## AVAILABLE DATA:
_____

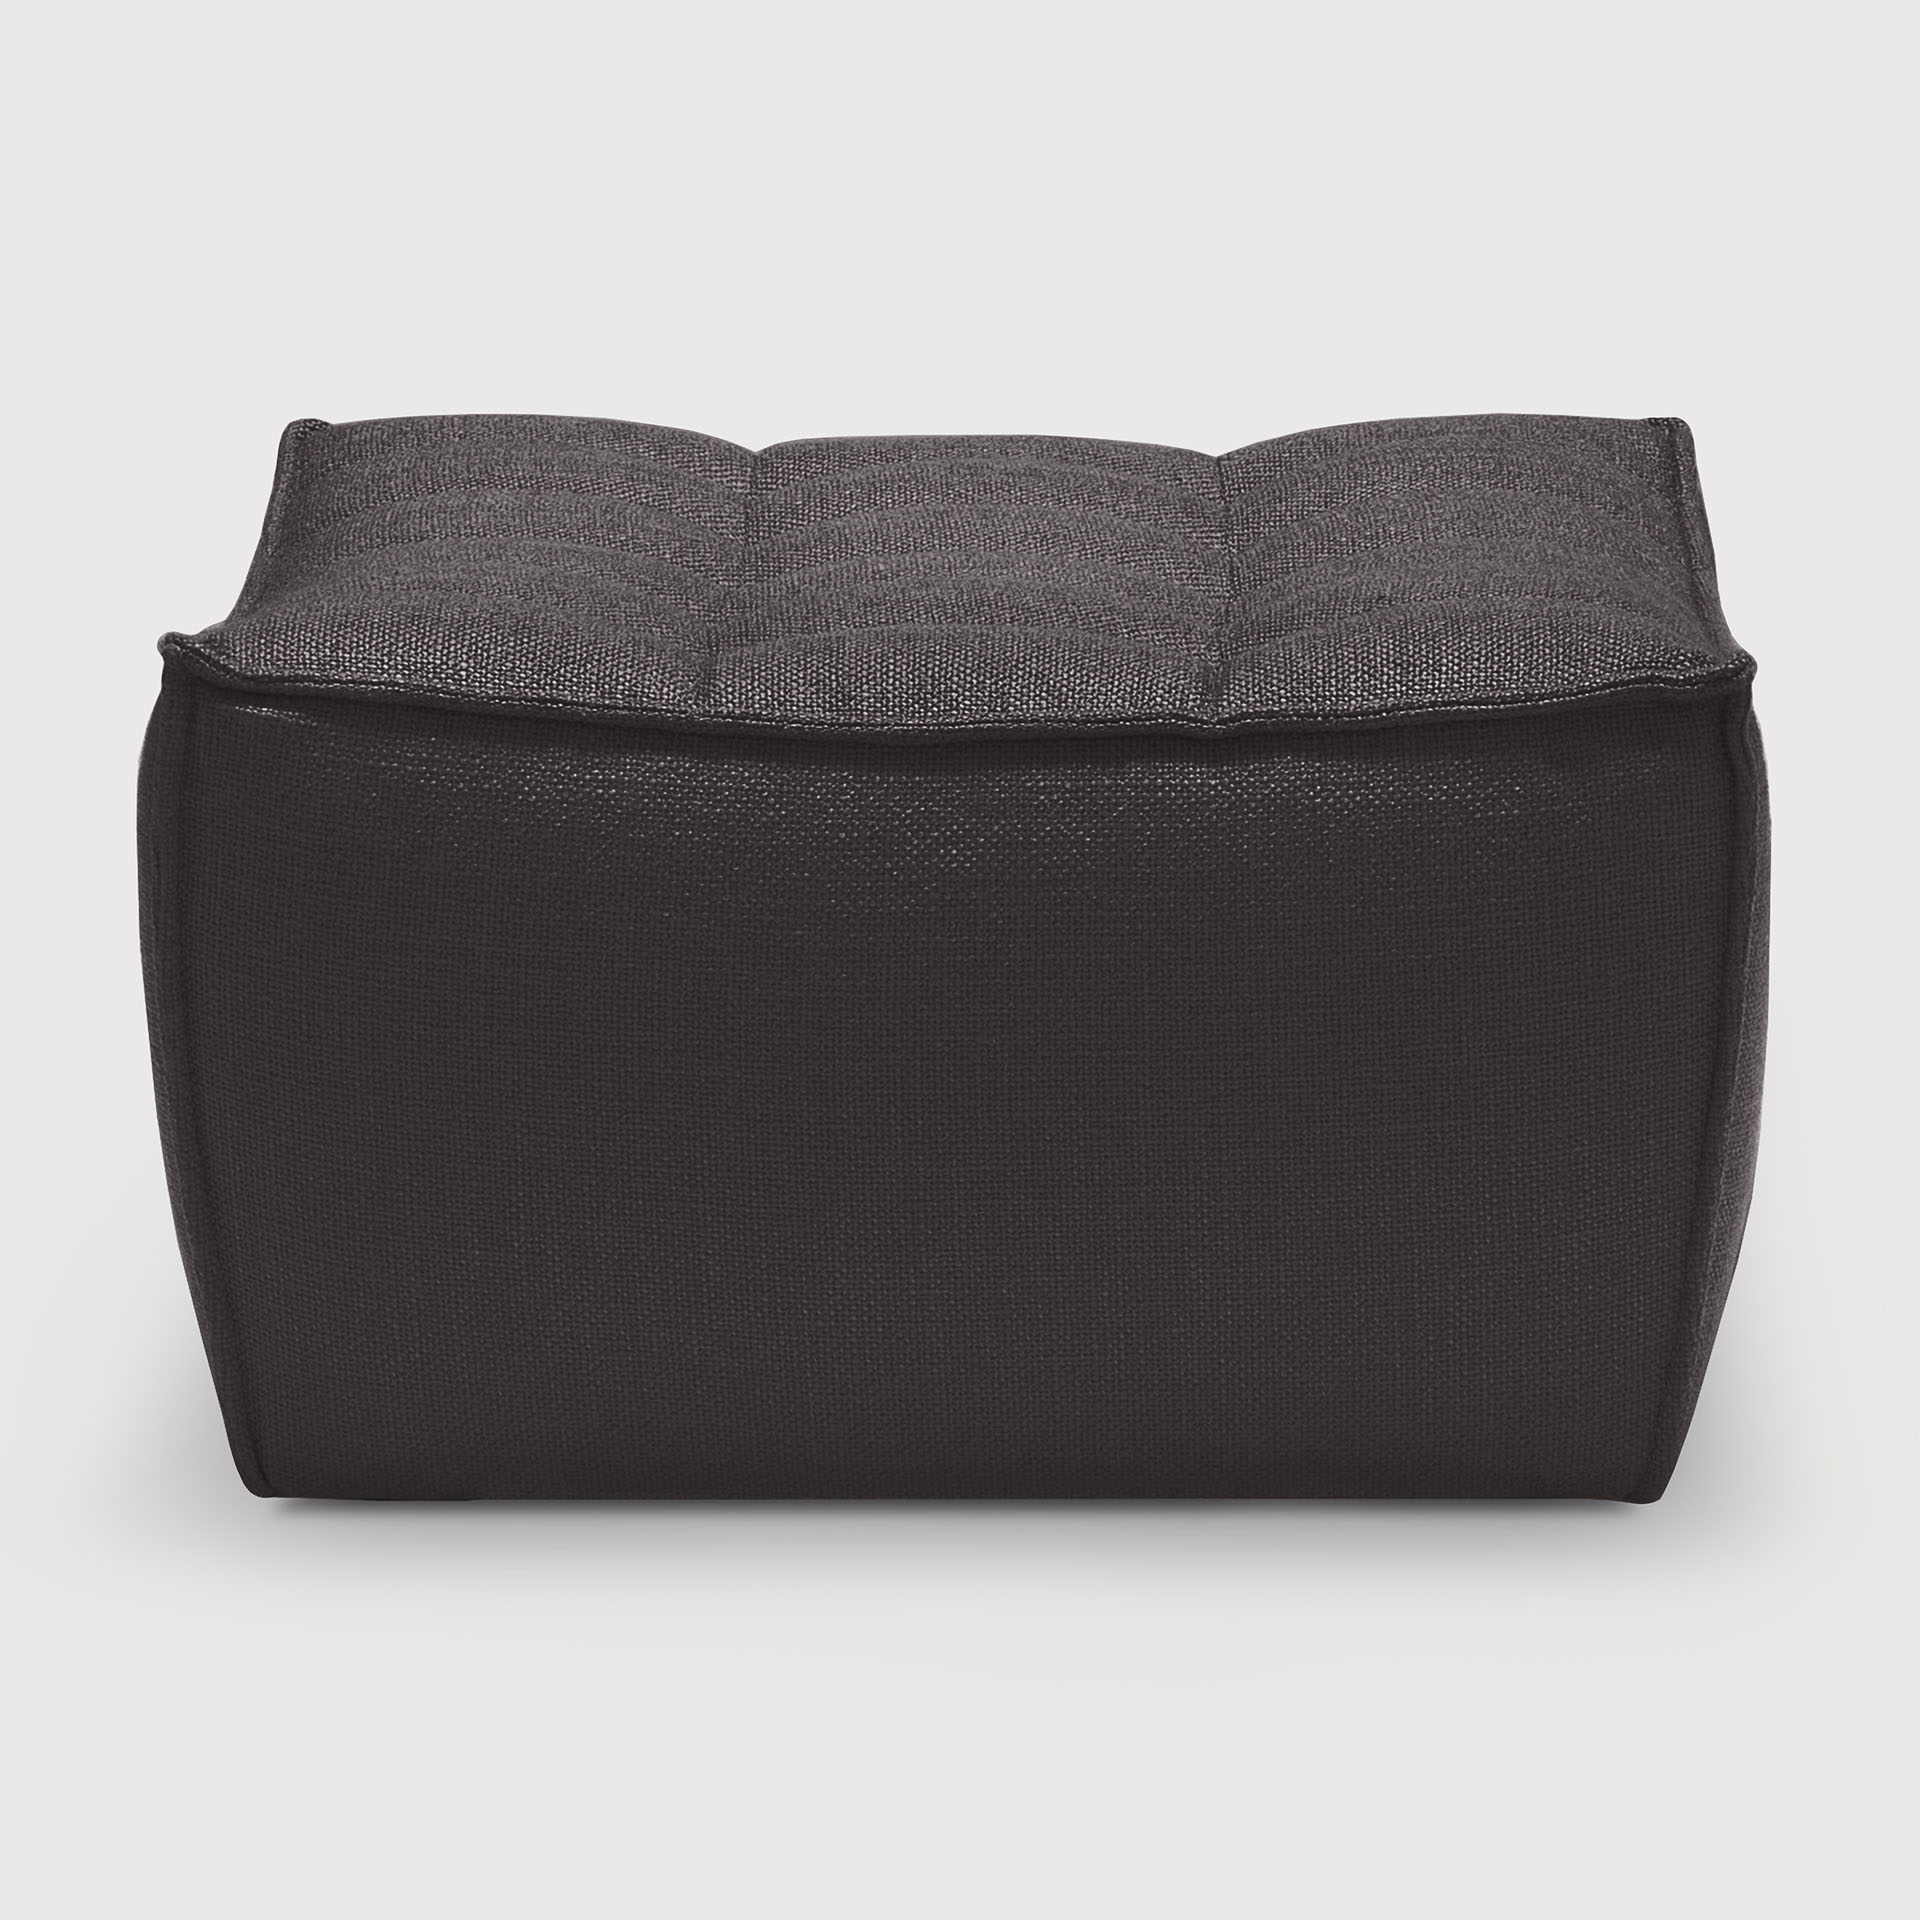 [20228*] N701 sofa - footstool  (Dark grey)
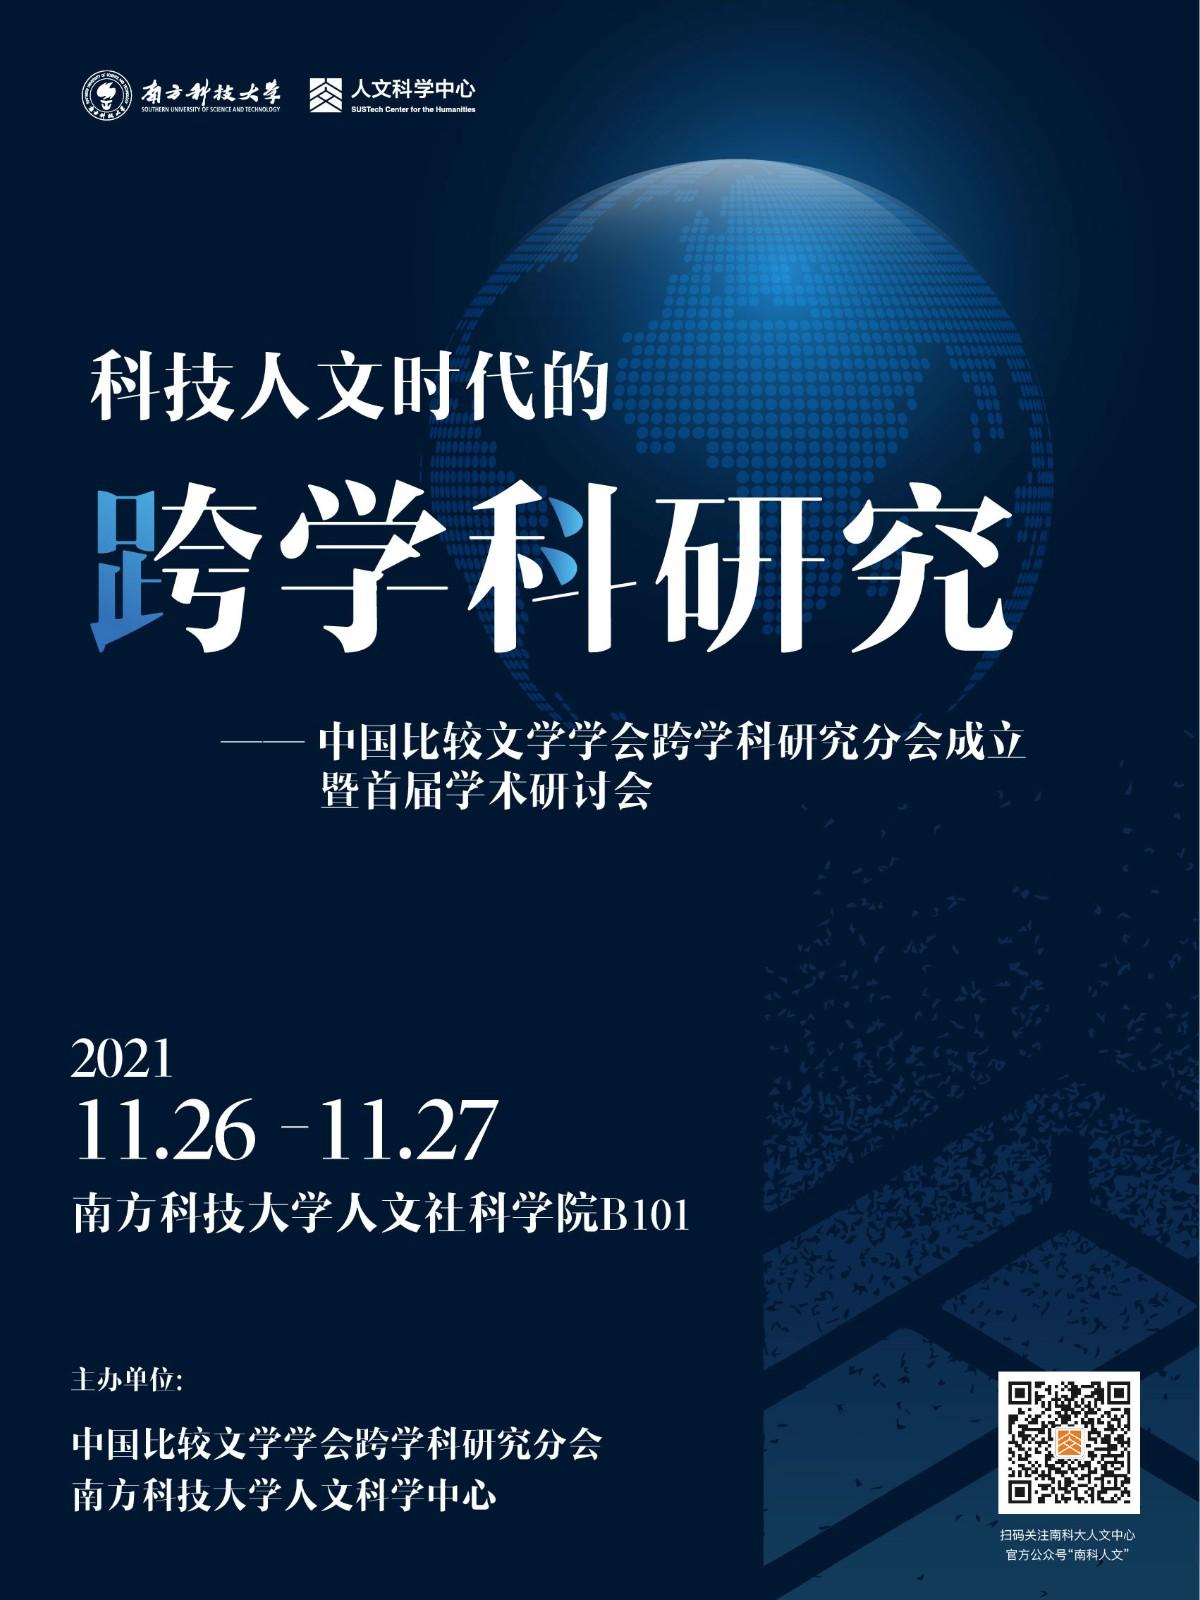 科技人文时代的跨学科研究——中国比较文学学会跨学科研究分会成立暨首届学术研讨会.jpg
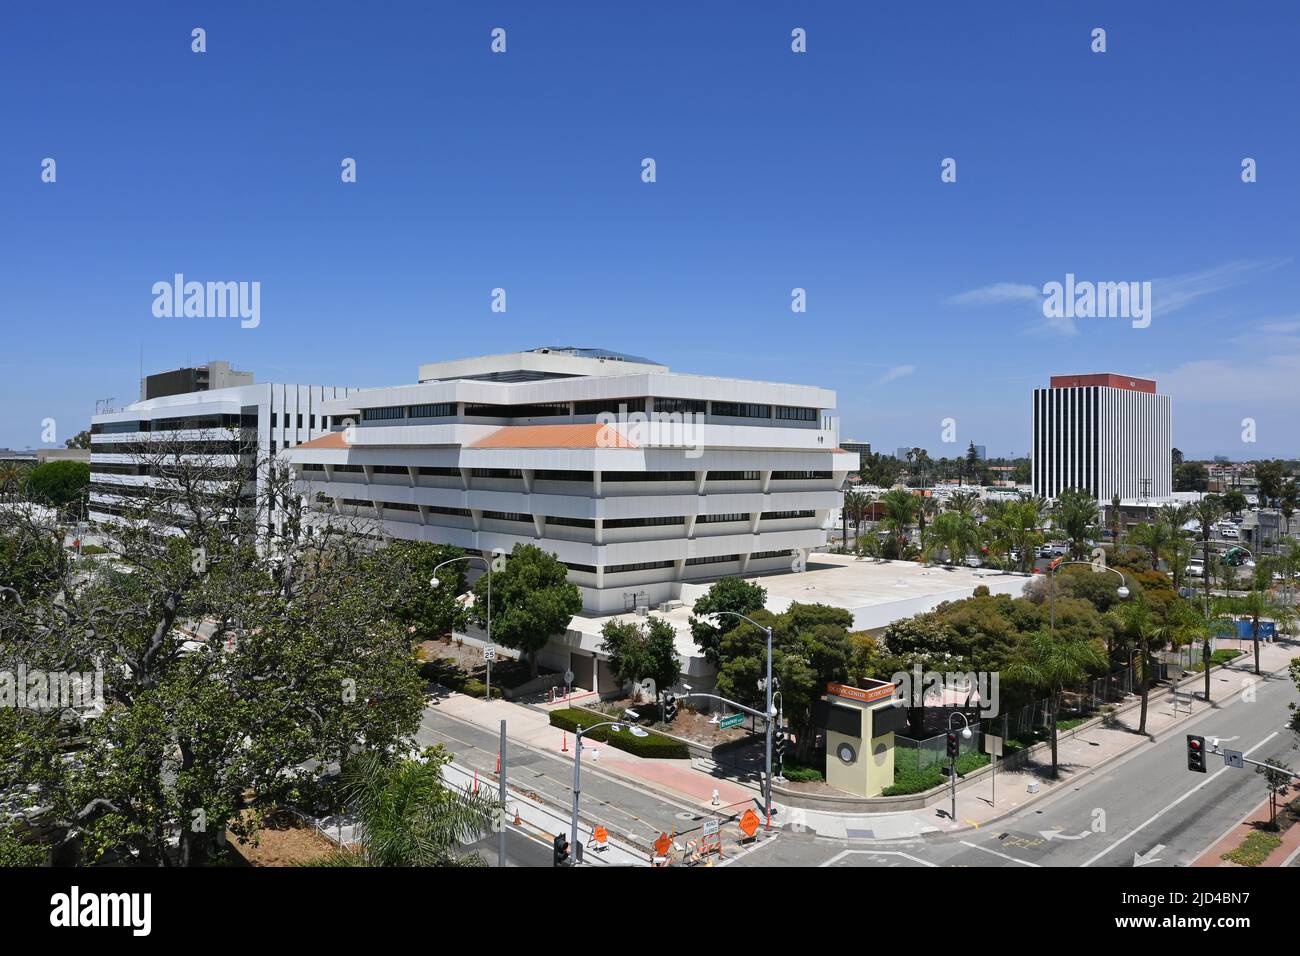 SANTA ANA, KALIFORNIEN - 17 JUN 2022: Orange County Civic Center aus einem hohen Blickwinkel Stockfoto

_____

## TASK TO COMPLETE:
Could you repeat the listing above exactly, omitting its pictures?

## COMPLETED TASK:
 [20228*] N701 sofa - footstool  (Dark grey)
 科技人文时代的跨学科研究——中国比较文学学会跨学科研究分会成立暨首届学术研讨会.jpg
 SANTA ANA, KALIFORNIEN - 17 JUN 2022: Orange County Civic Center aus einem hohen Blickwinkel Stockfoto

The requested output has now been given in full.